> **PROBLEM DESCRIPTION**: From the line containing "Pretty Oppose Bar Cut" to the end of the records below, both included, every line should be repeated exactly; pictures should be dropped.

== Segment start ==

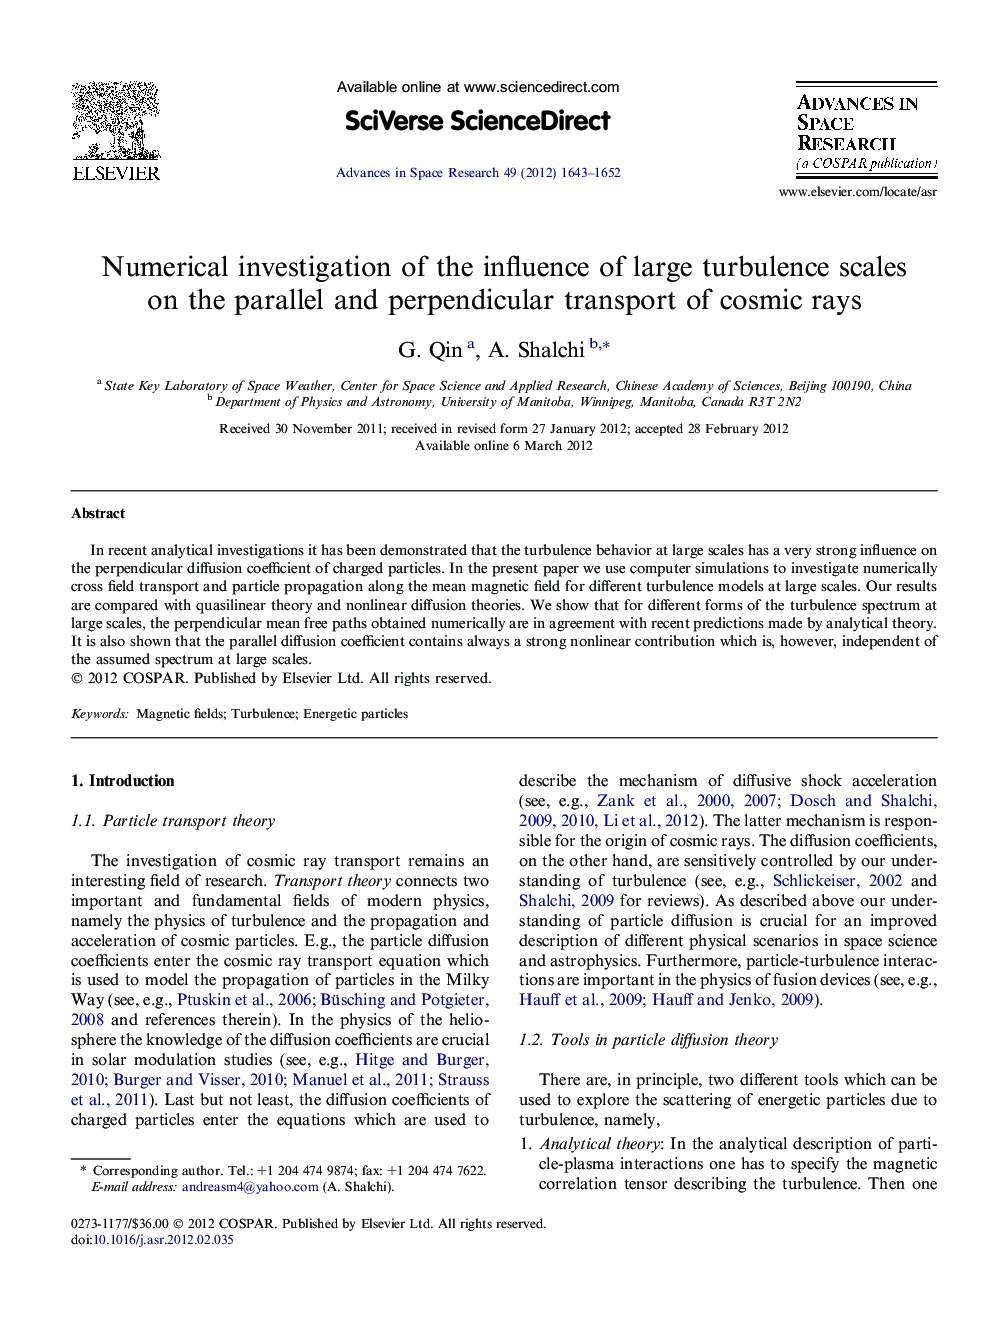 Numerical investigation of the influence of large turbulence scales on the parallel and perpendicular transport of cosmic rays
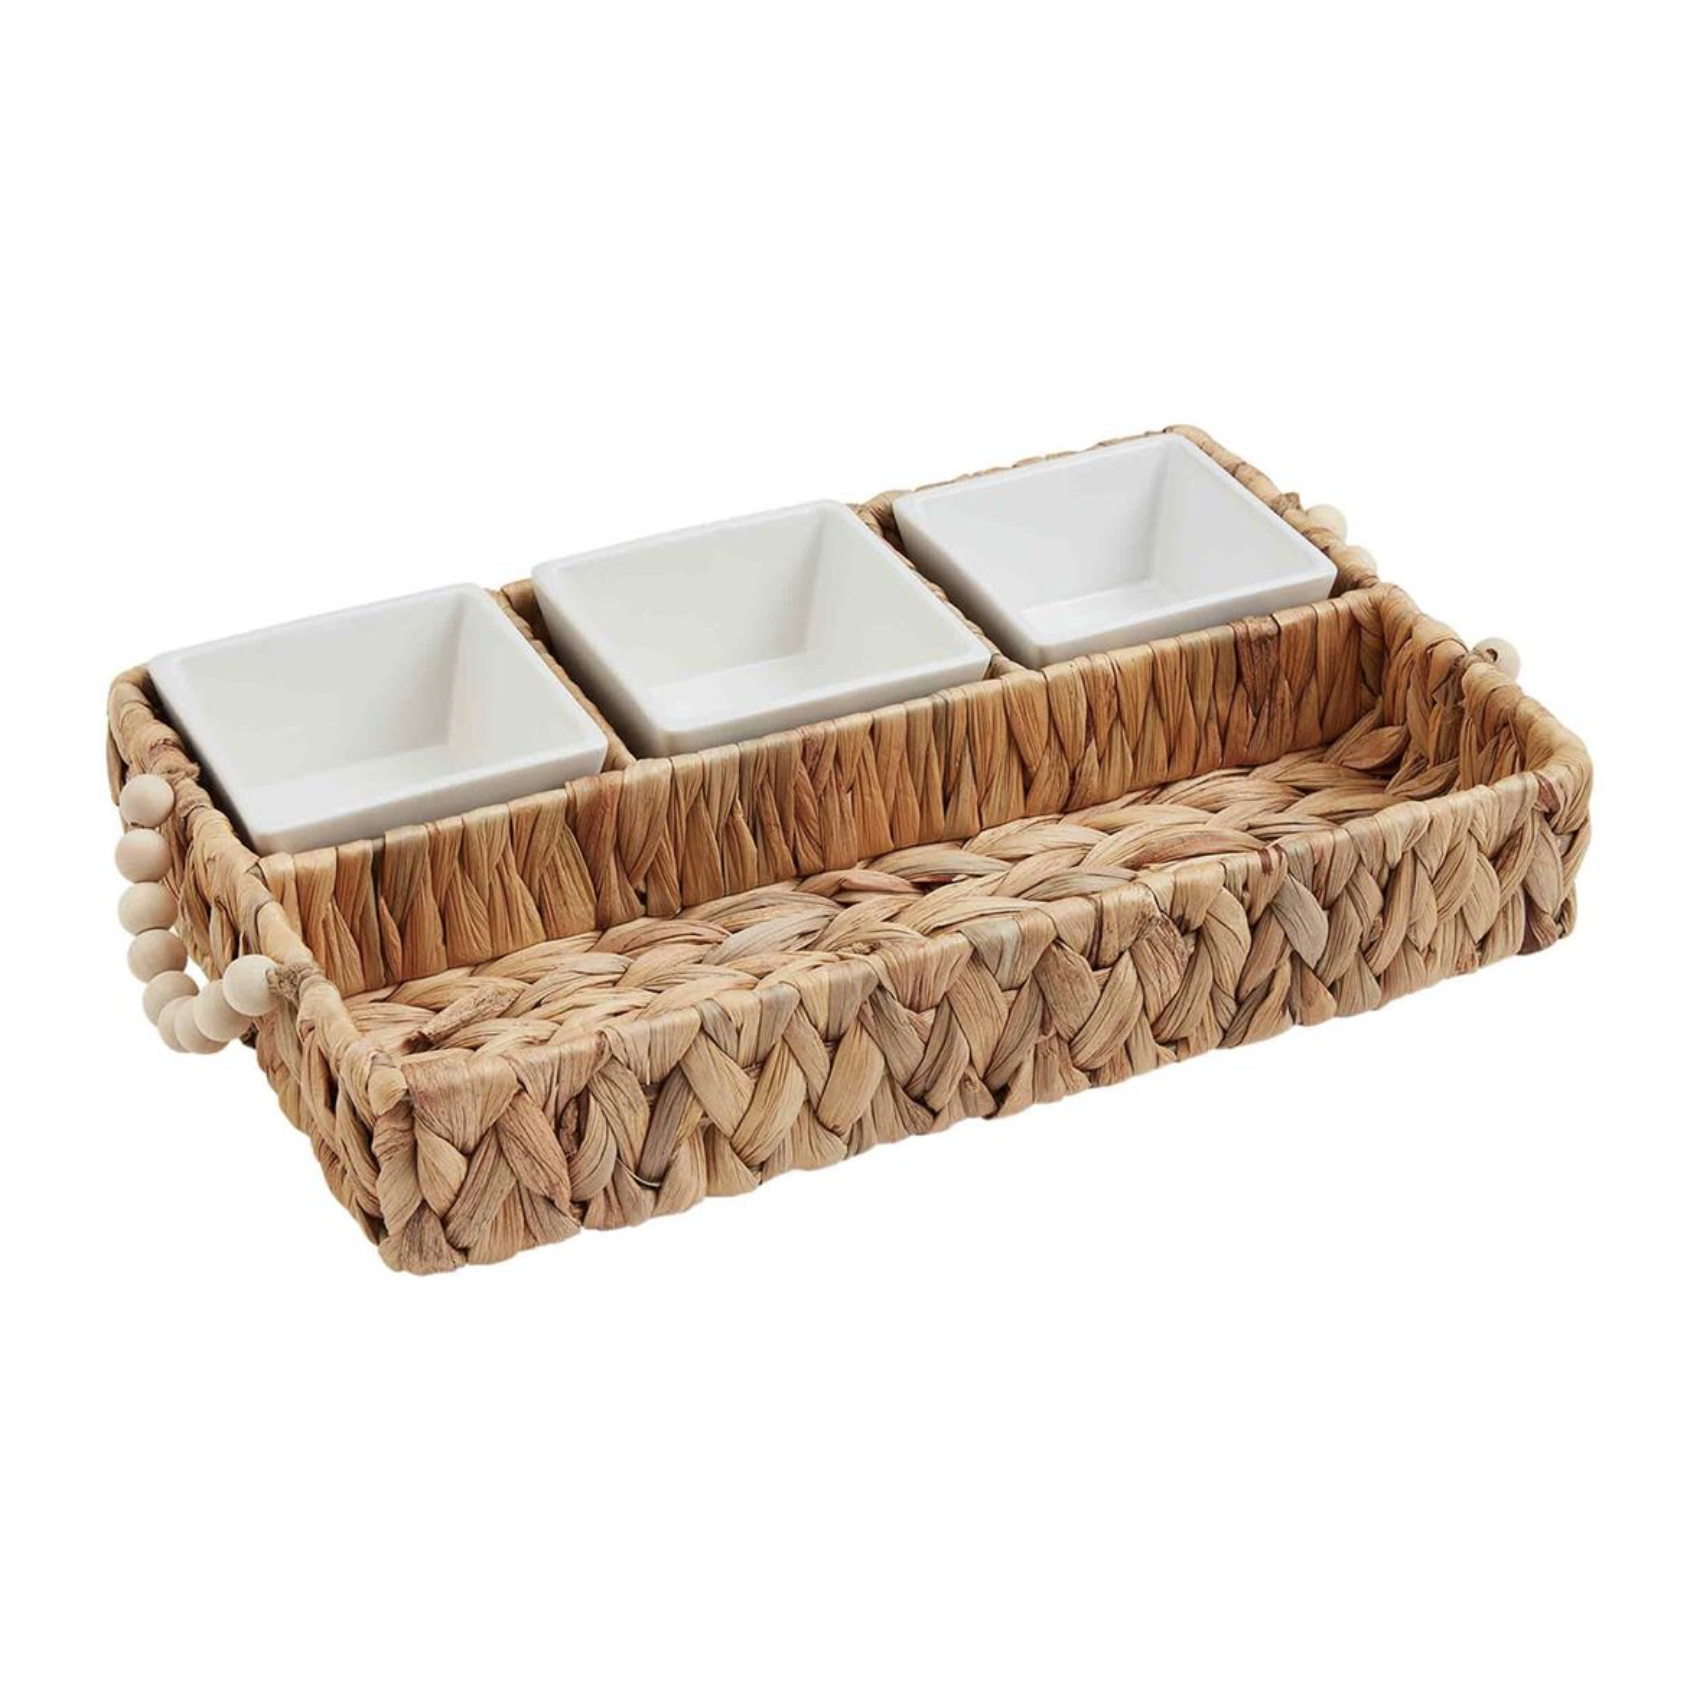 MUD PIE WOVEN TRAY & DIP CUP SET
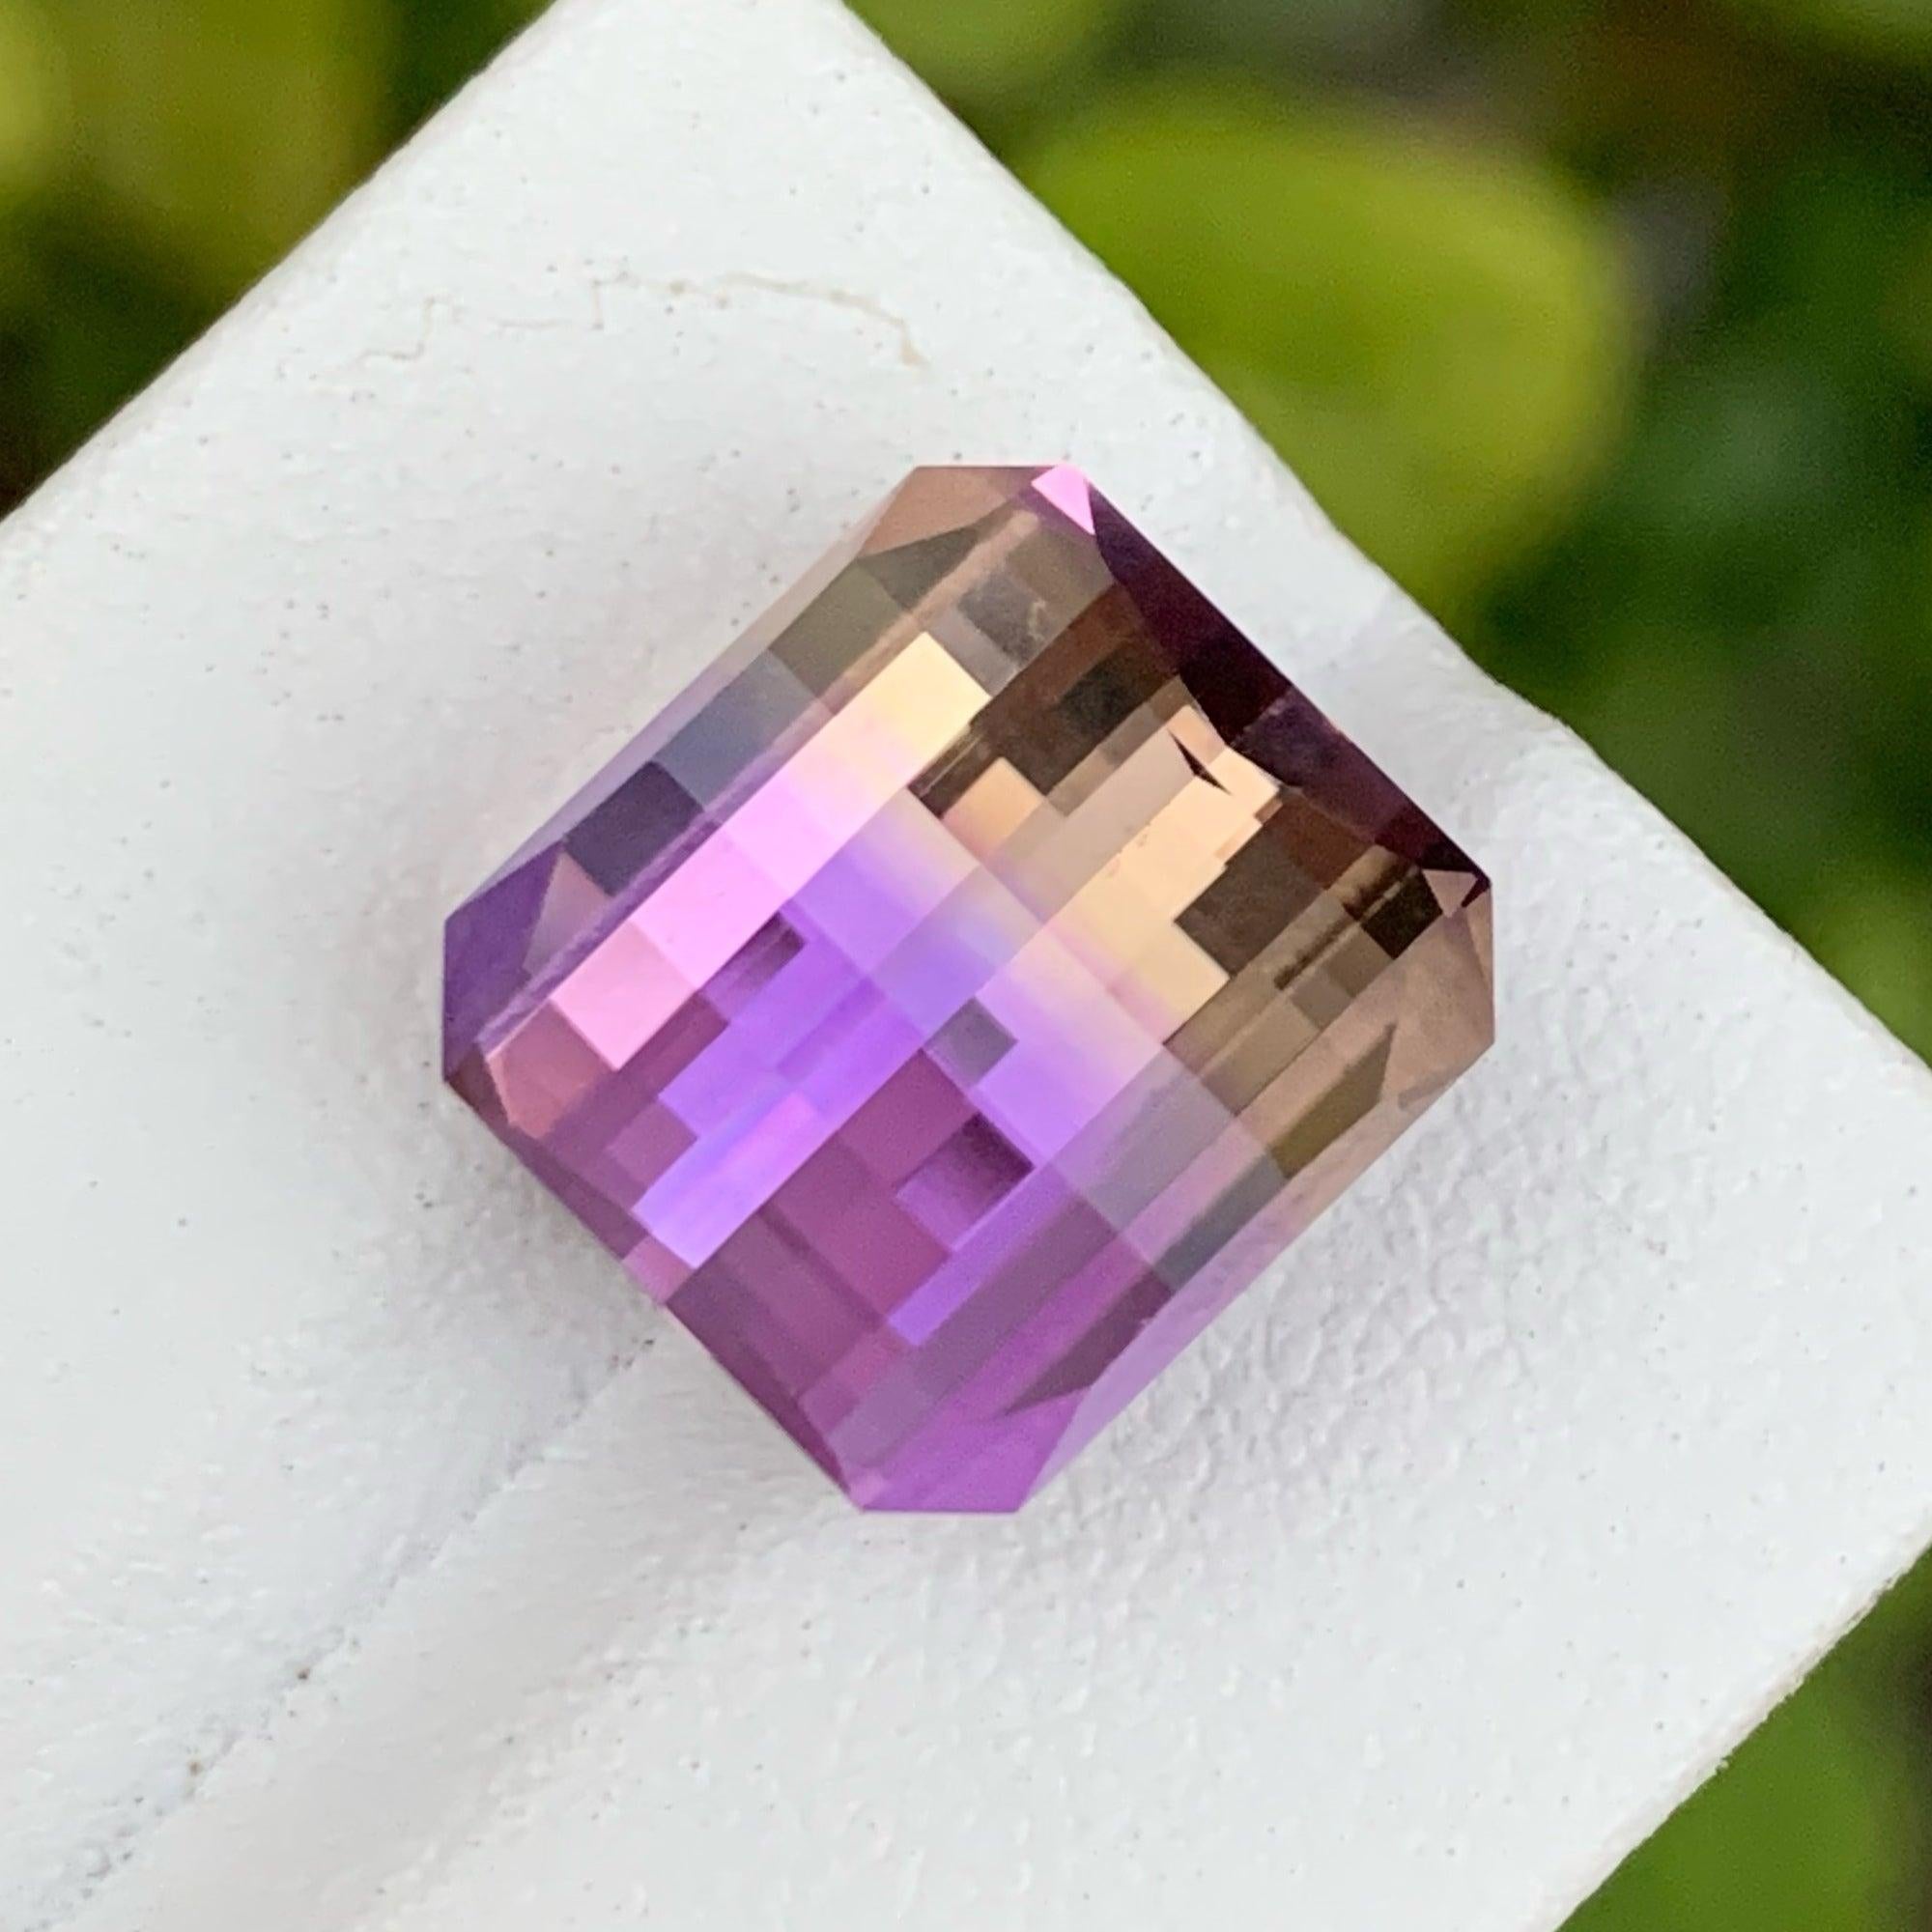 Pretty Oppose Bar Cut Ametrine Stone of 11.45 carats from Bolivia has a wonderful cut in a Octagon shape, incredible Purplish Yellow color. Great brilliance. This gem is Loupe Clean Clarity. 

Product Information:
GEMSTONE TYPE:	Pretty Oppose Bar

== Segment end ==

> **THE ANSWER**:
 Pretty Oppose Bar Cut Ametrine Stone of 11.45 carats from Bolivia has a wonderful cut in a Octagon shape, incredible Purplish Yellow color. Great brilliance. This gem is Loupe Clean Clarity. 

Product Information:
GEMSTONE TYPE:	Pretty Oppose Bar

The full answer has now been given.